**YOUR ASSIGNMENT**
Would you give the listing back word for word once its pictures are removed?

**DATA EXTRACT**
#####
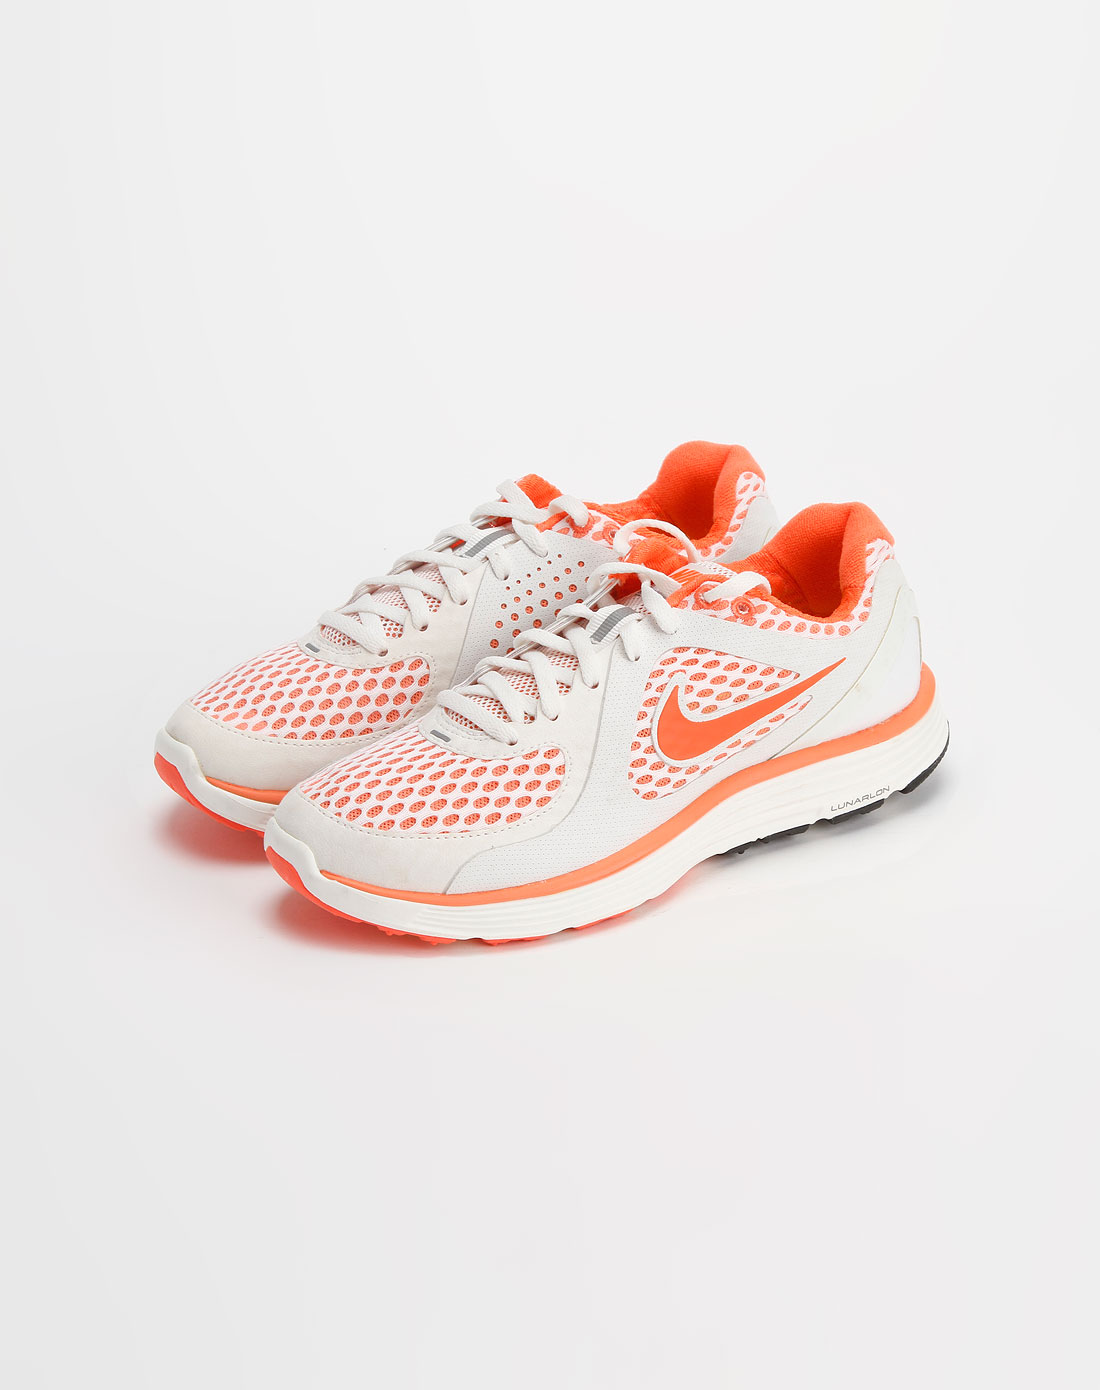 白/橙色镂空运动鞋_耐克nike-女装专场特价2.5-4
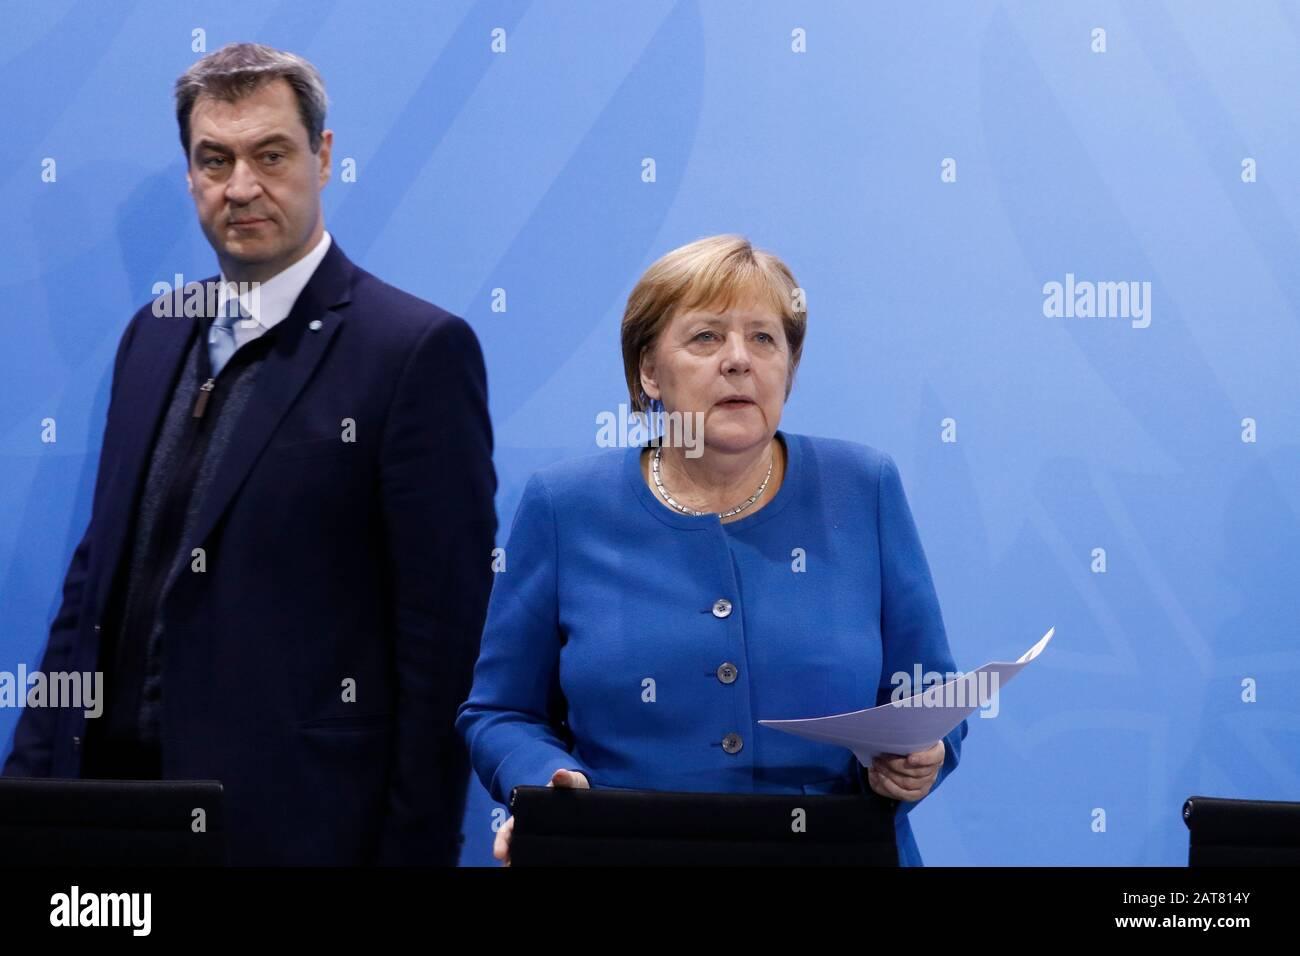 Pressekonferenz Merkel Söder
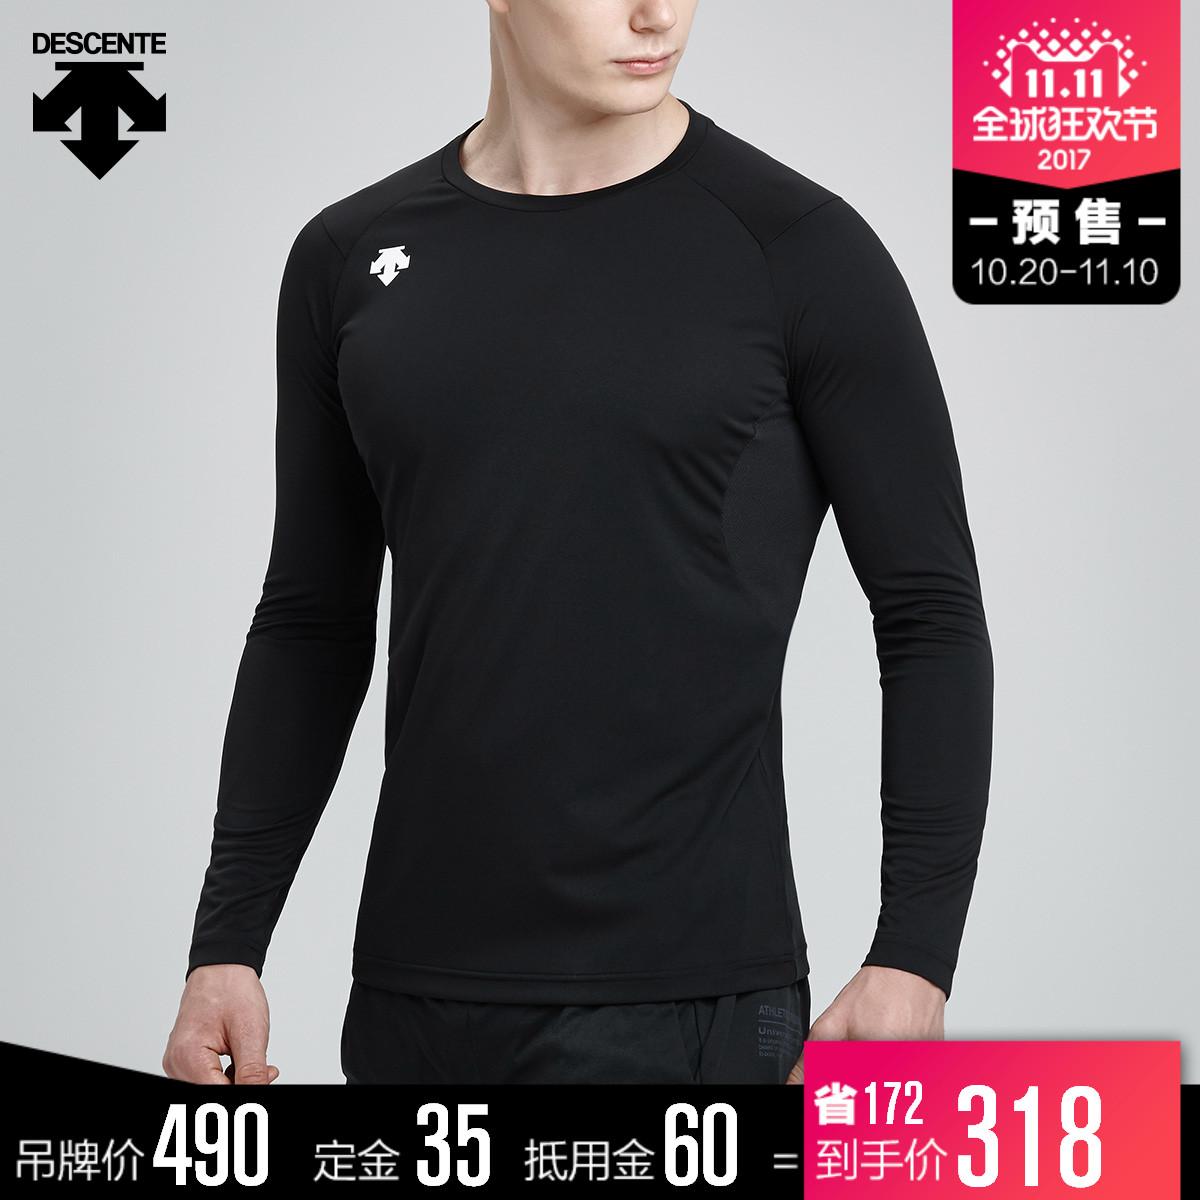 【双11预售定金35抵60到手价318】迪桑特男款运动圆领套头长袖T恤
#####
**TASK SOLUTION**
 白/橙色镂空运动鞋_耐克nike-女装专场特价2.5-4
 Pressekonferenz Merkel Söder
 【双11预售定金35抵60到手价318】迪桑特男款运动圆领套头长袖T恤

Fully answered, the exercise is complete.